» **TASK BRIEF**
From the first line of the listing below, retype each line up to and including the one with "Creed Creed Silver"; pictures stay out.

** COLLECTED DATA follows **

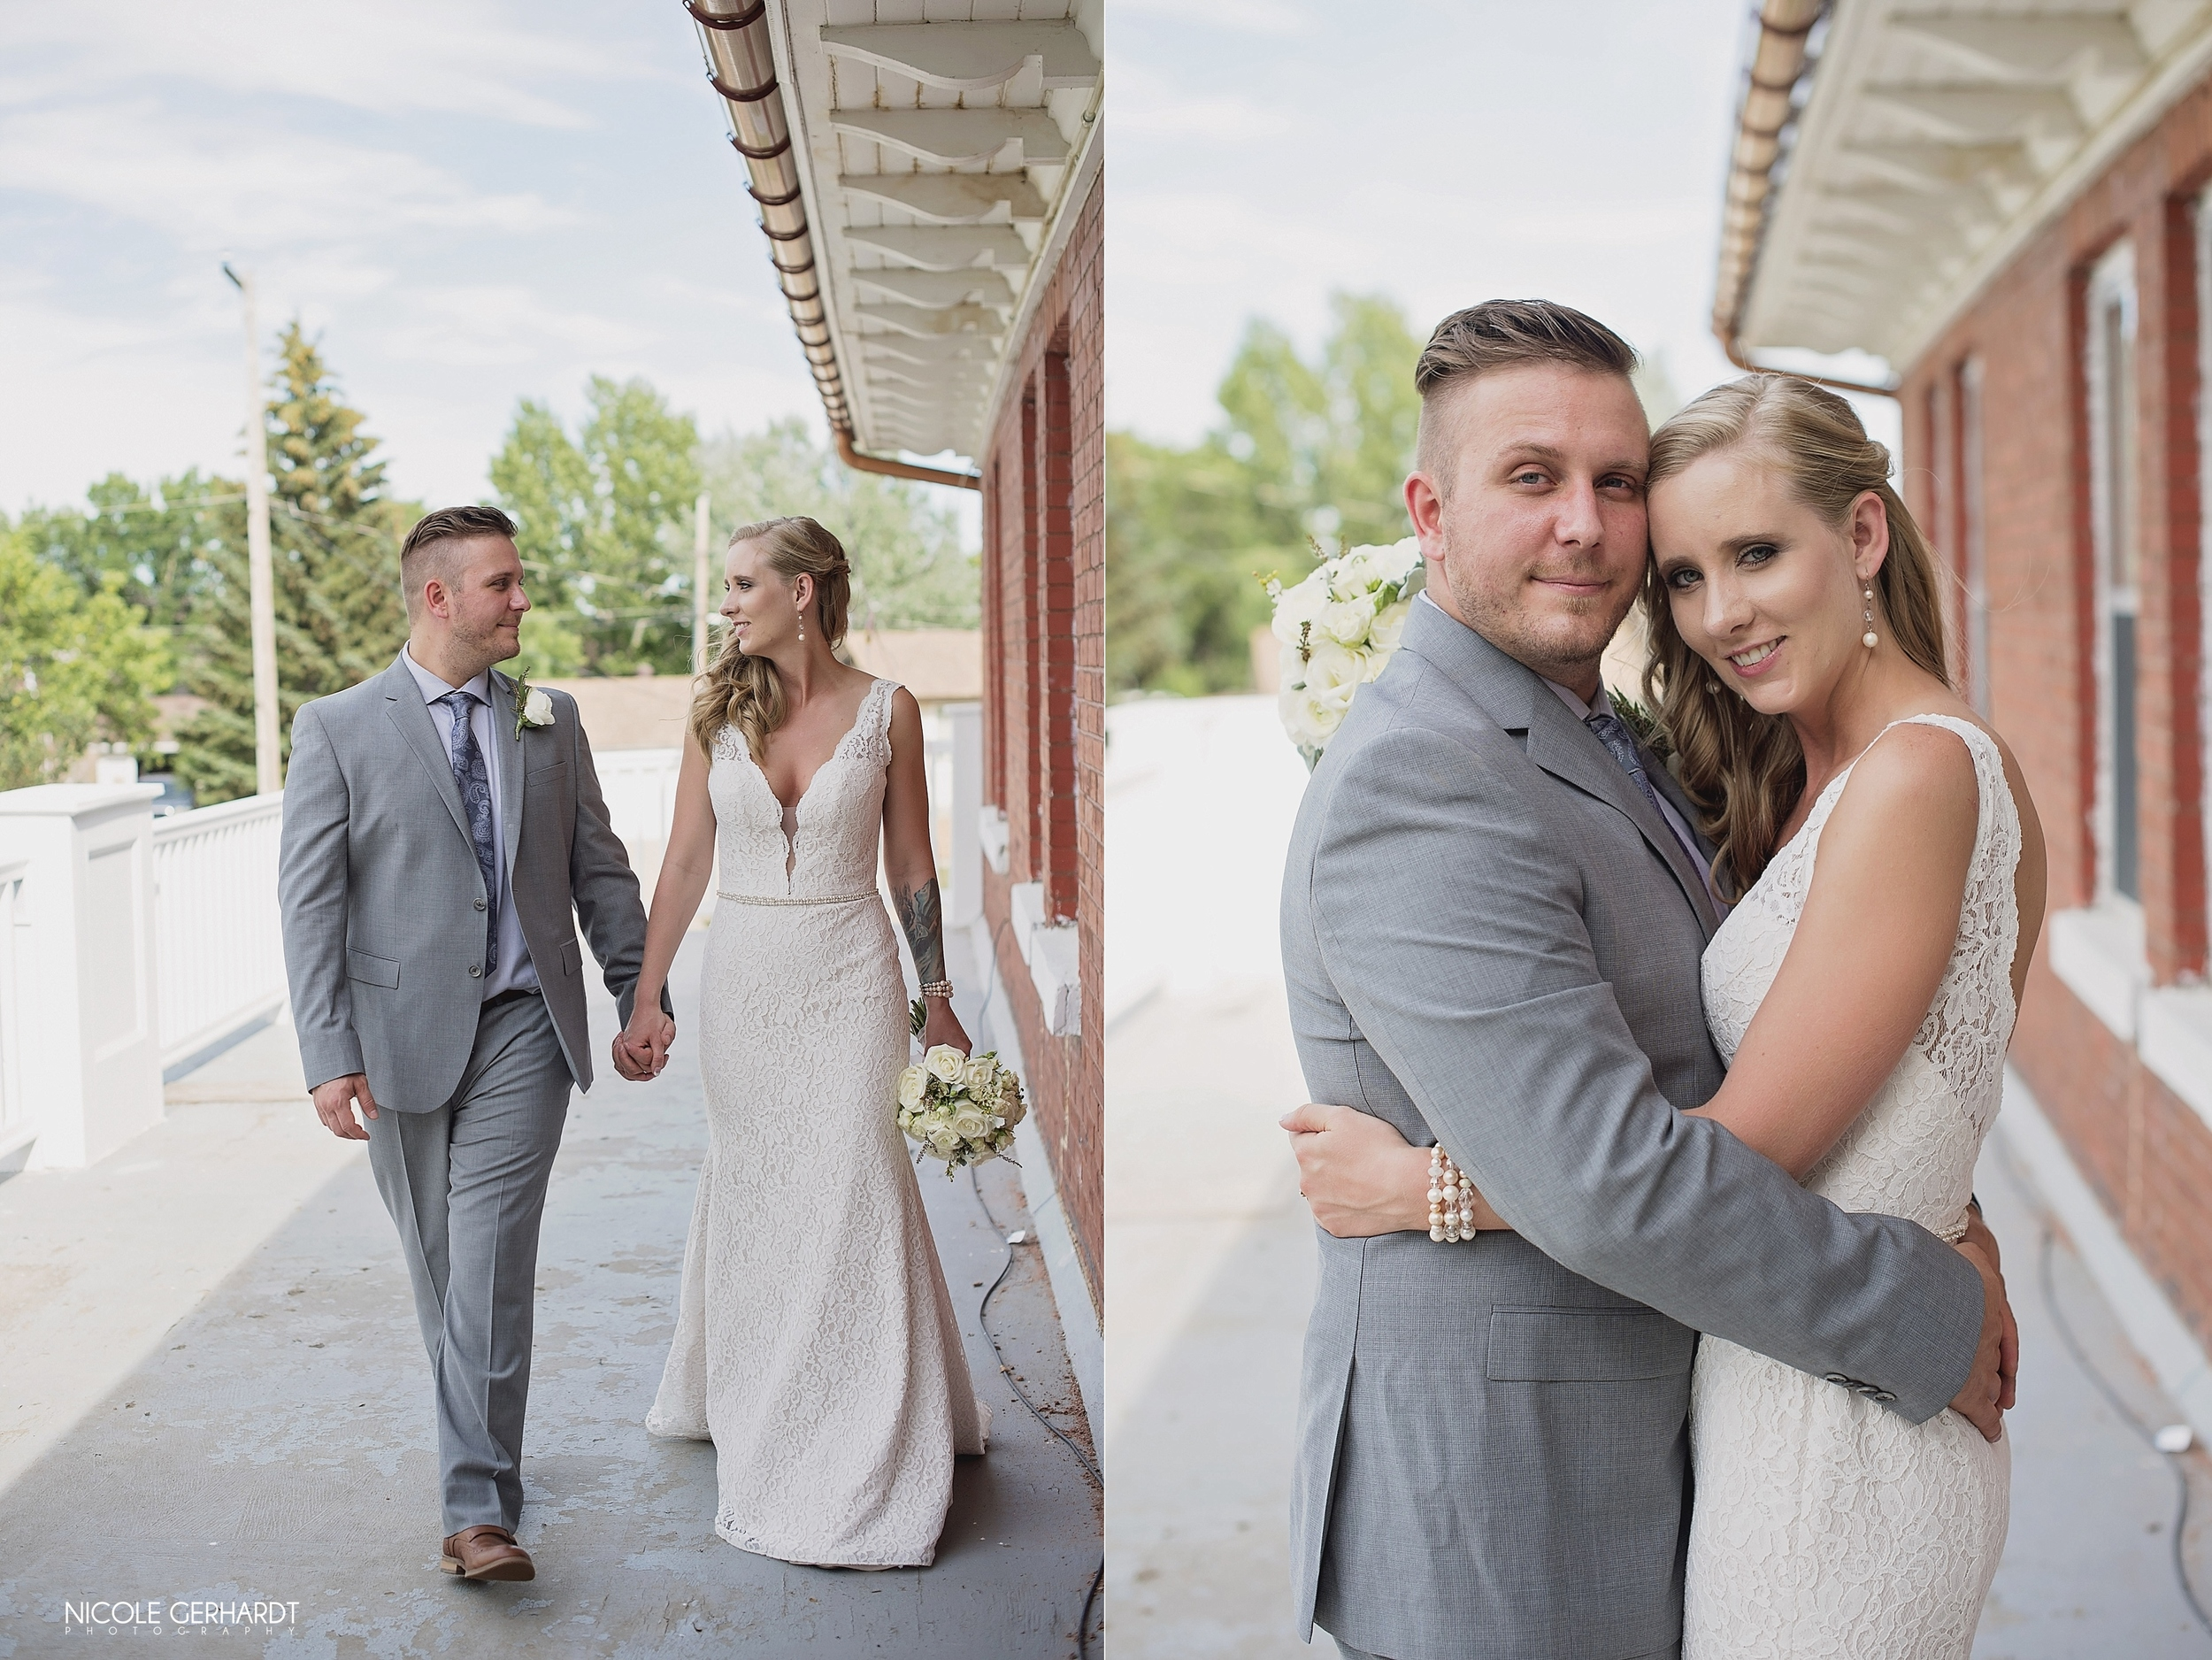 regina_wedding_moosejaw_photographer23.jpg
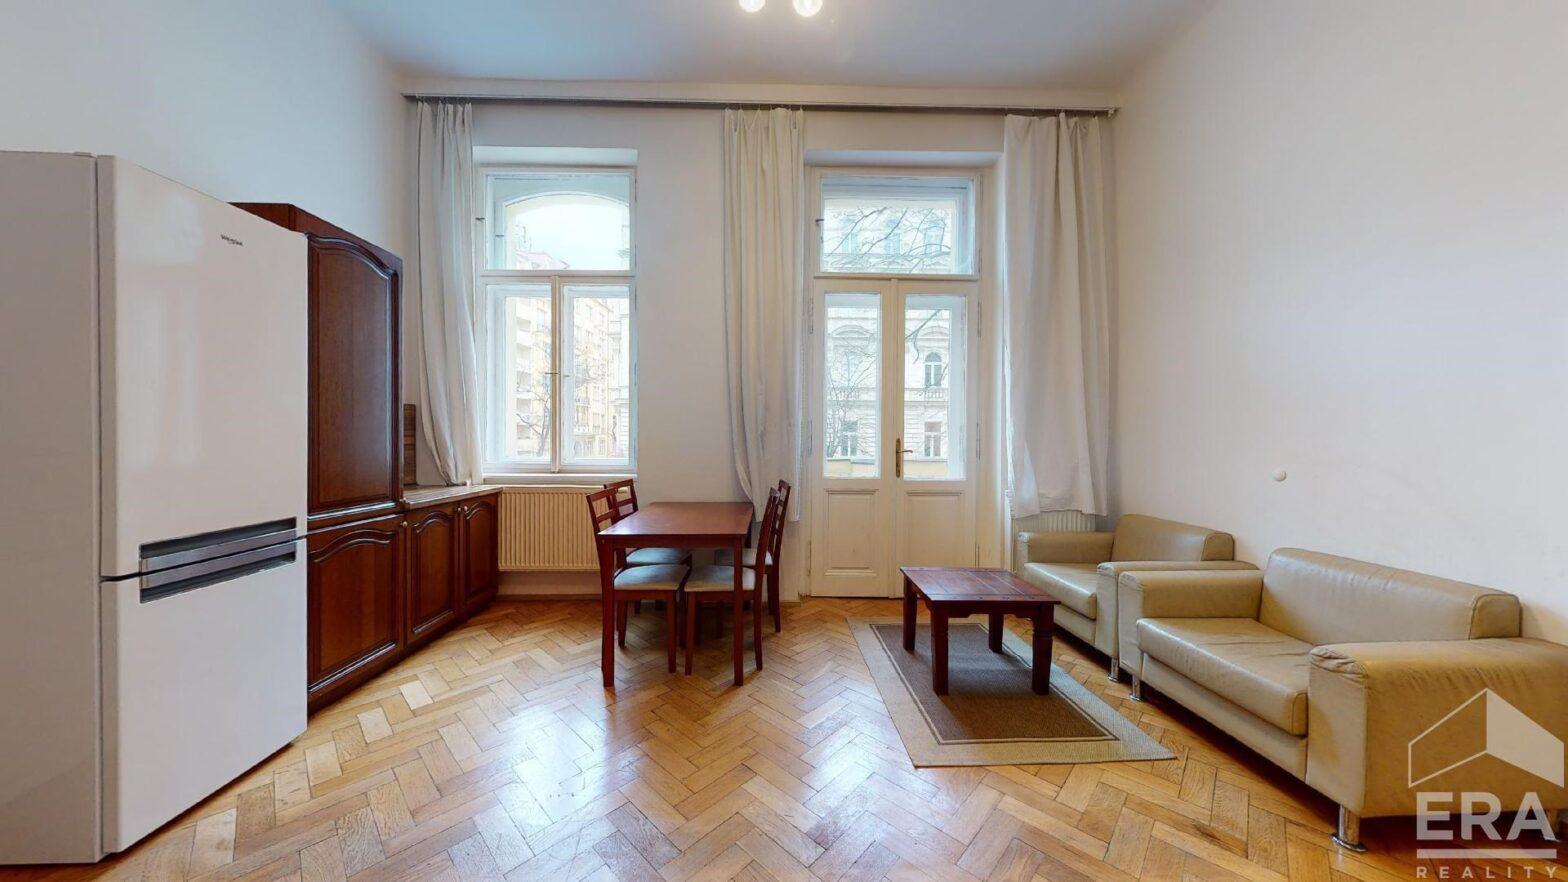 Pronájem bytu 3+kk, 70 m2, v ul. Vinohradská, Praha 2.
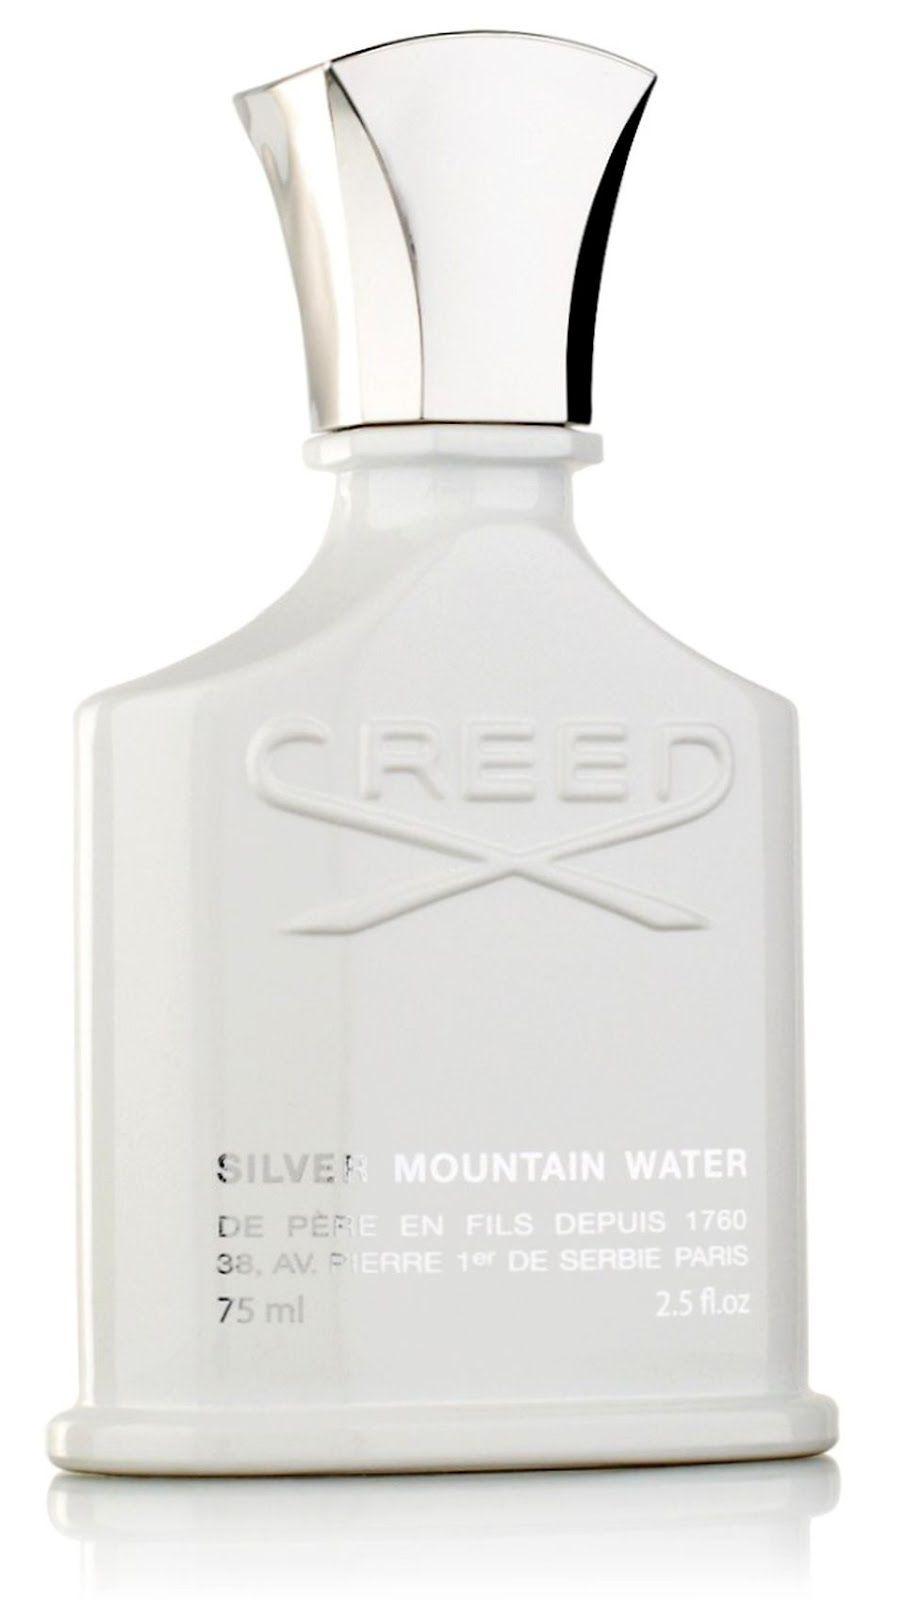 Creed Creed Silver Mountain Water Cologne 4 0 Oz Eau De Parfum Spray For Men French Fragrance Unique Fragrance Eau De Parfum
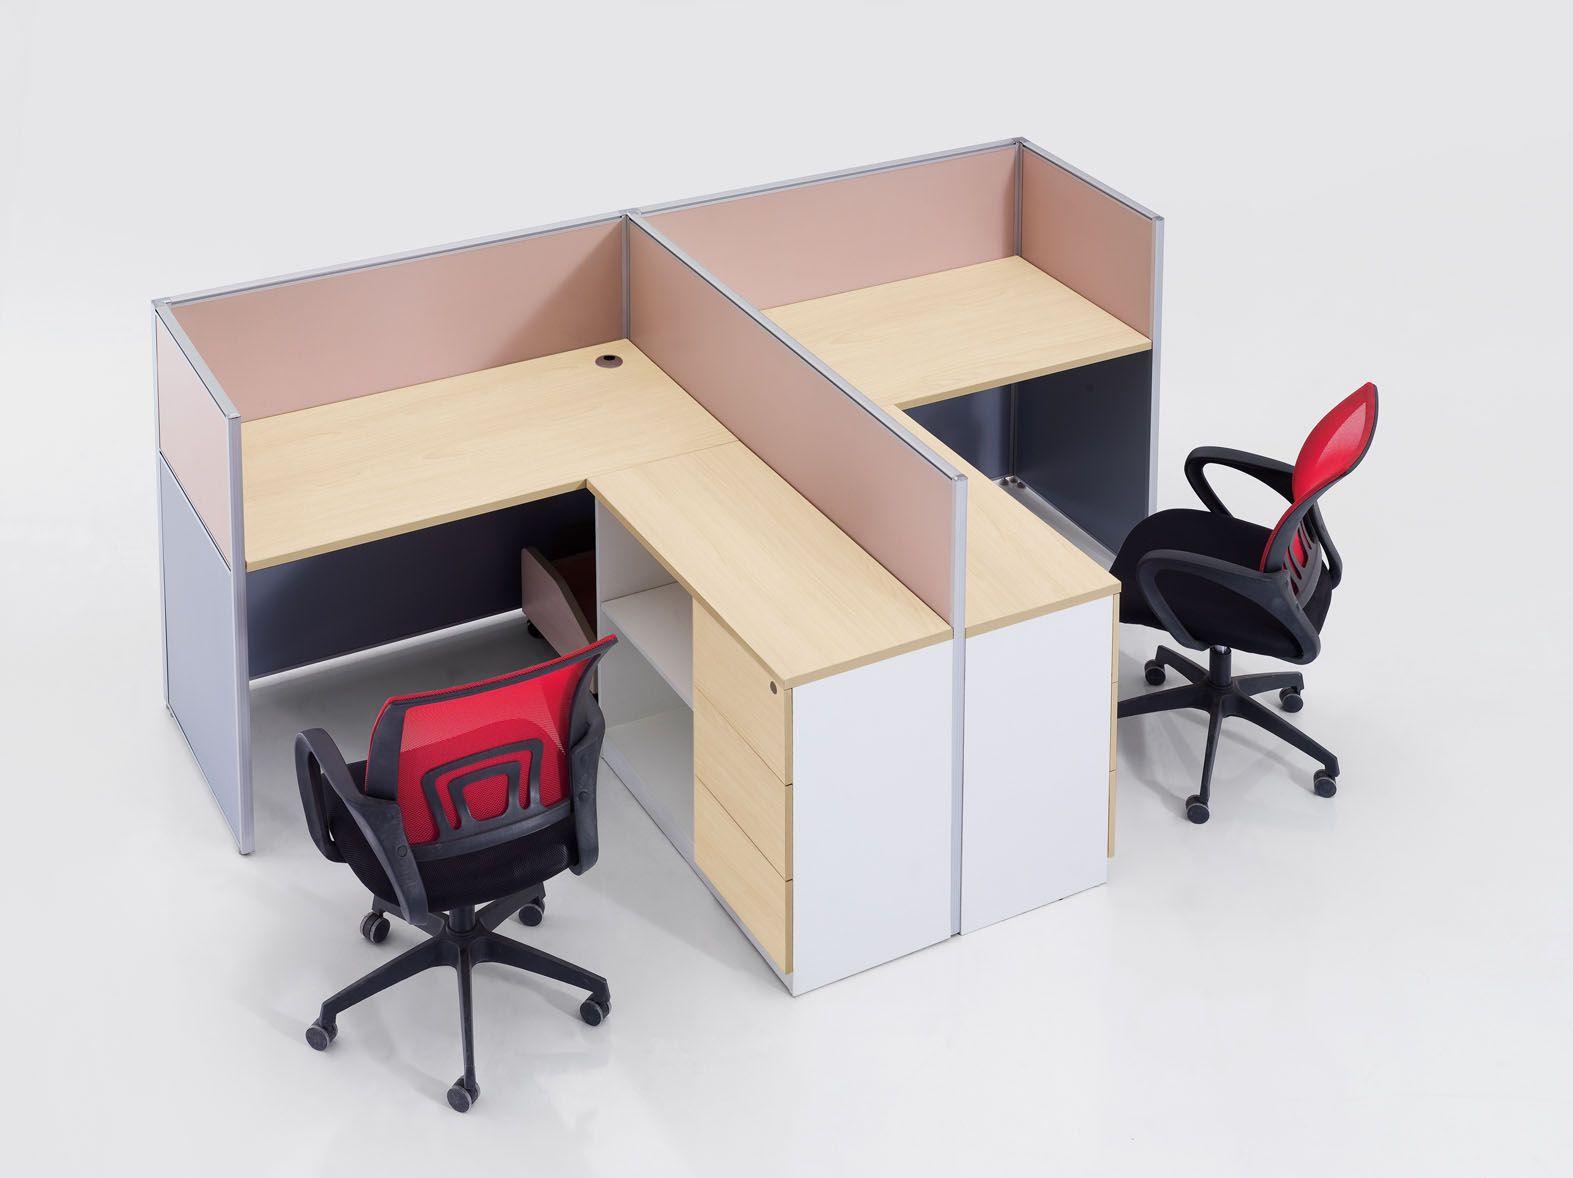 Cd60 Series Modular Workstation Cd60 G007 Jpg 1573 1178 Office Furniture Uk Office Desk For Sale Executive Office Desk

** End of COLLECTED DATA **

» **FINISHED TASK**
 regina_wedding_moosejaw_photographer23.jpg
 Pronájem bytu 3+kk, 70 m2, v ul. Vinohradská, Praha 2.
 Creed Creed Silver Mountain Water Cologne 4 0 Oz Eau De Parfum Spray For Men French Fragrance Unique Fragrance Eau De Parfum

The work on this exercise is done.